Light and easy on stocks

Staying within limits on individual stocks could well be the single most important service that equity funds provide to their investors


By Research Desk | Jun 15, 2018

 

The single biggest difference between those who invest in equity through mutual funds and those who invest directly tends to be the diversification in individual stocks. Staying within limits on individual stocks could well be the single most important service that equity funds provide to their investors. In fact, one of the biggest advantage of investing in equity mutual funds is the automatic diversification it offers to investors, something that one investing directly in stocks would never manage.

In a sense, this is not a financial issue, but one of psychology. Investors who buy equity directly tend to get obsessed with their winners and go in too deep. They buy a stock and as long as it rises they keep getting tempted to buy more. Over time, they keep adding the same stock, which would only result in an increased allocation to these stocks. Arithmetically, this has a double impact of the rising number of shares as well as gains. Such a stock can quickly become a large part of the portfolio, which in itself goes against the grain of diversification. Of course, all things revert to mean and sooner or later the direction reverses, leading to disappointment.

This shouldn’t happen to mutual fund investors normally. However, just like sectoral exposure, there are two caveats. One, the previously sectoral and thematic funds. If you have a lot of your money in these funds then you could easily end up having a large chunk in whatever are the dominant stocks in that sector. The second factor, just like sectors, is direct equity purchases. If you invest in stocks directly, then you could end up buying a particular stock or set of stocks in large quantities. If that stock is there in some of your fund investments too, then the effect adds up.

Light and easy on stocks

Interestingly, investor psychology is such that this happens more often than it should. Investors are often vulnerable to a peculiar psychological trap called familiarity bias. An investor will feel that he or she understands a particular sector and will tend to emphasise that in a variety of ways. This may cause some investors to be too concentrated with narrow investment themes because of their familiarity, which makes them feel confident about the available investment opportunities, that they go with what they know and can easily understand. For instance, one could invest in sectoral funds of that sector as well as buy shares in leading companies. This is more common than it should be.

As with other forms of diversification problems, the cure lies in information, data and analysis. Luckily, ValueResearchOnline.com supplies all three. The 'Analysis' tab in our Portfolio Manager has a section called Top Equity Positions which will tell you your exposure to the 15 largest holdings in your portfolio. As a rule of thumb, very few should be above 5 per cent and none above 7-10 per cent.

On the same page, there’s also the debt equivalent of this table. While debt investments are not subject to the above problems, if you have significant fixed-income fund investments, you might find this data interesting too. The debt holdings indicate the different types of debt instruments in which your investments are spread, including the tenure of the investments.

Going global
We discussed the five basic types of diversification in this series of articles -- the ones which all investors must keep in mind at all times. However, there’s one more type of diversification that is gaining importance and that’s geographical diversification. It’s not as basic a need as the rest and certainly, it’s something that Indian investors did not have access to till a few years ago, but it’s something you must start building an awareness of and trying out.
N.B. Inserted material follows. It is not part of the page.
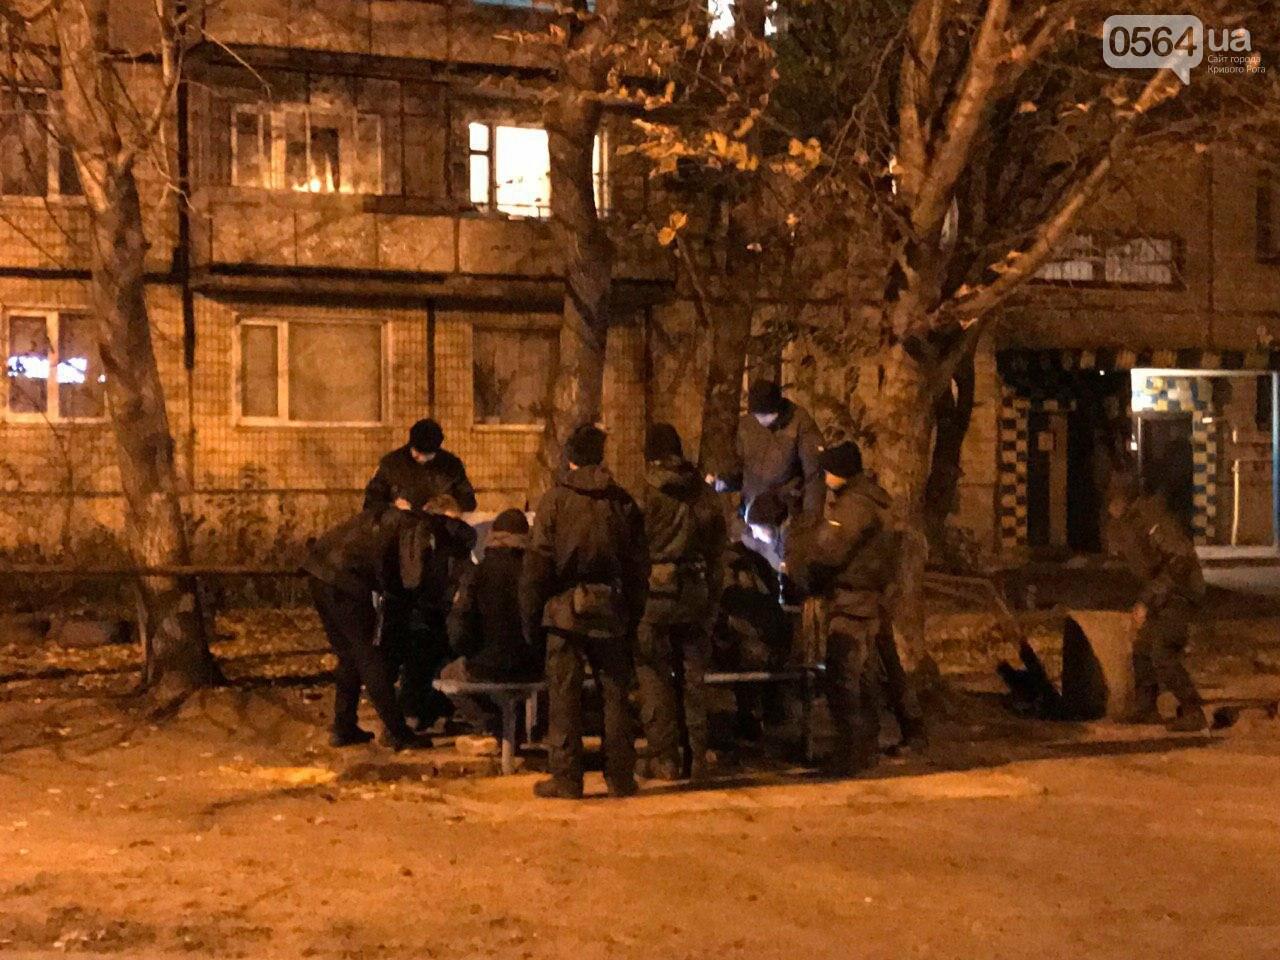 """""""Чувак нашел закладку и мы его задержали"""": криворожане стали очевидцами задержания наркозависимого, - ФОТО , фото-2"""

The logic of global geographical diversification is self-evident. Economies and stock markets around the world do not do well or do badly simultaneously. Global markets are linked, no doubt, but there are still differences. Sure, if there is a severe crisis like that in 2008, then the whole world will crash. However, global diversification is most useful as a protective diversification if one lives in a relatively isolated market such as India.

Take the most obvious example. Over the last four years from 2008, the Nifty is up 33 per cent and the S&P500 is up 75 per cent. Clearly, an Indian investor who was diversified into the US markets would have fared better. But the story is a little more complicated because of the impact of currency exchange rates. Four years ago, a US dollar was worth Rs 47.10. Today, it’s worth Rs 56.85. That’s a 20 per cent gain, which boosts the S&P500 return to a 110 per cent gain instead of 75 per cent.

Exchange rate movements can enhance or damp down the relative impact of the underlying investments. Thus, they are a source of short-term volatility to global investments. Take a look at the accompanying graph, which analyses the performance of the MoST 100, a typical Indian fund that invests in the US. It’s clear from the graph that sometimes gains in the underlying US markets (represented by the NASDAQ 100) are erased by the dollar-rupee movements and sometimes they are enhanced, as has been the case over the last month or so. At other times, the opposite impact occurs.

The lesson is not that Indians should not diversify globally but that they should be aware that short-term volatility in the exchange rates have to be tolerated.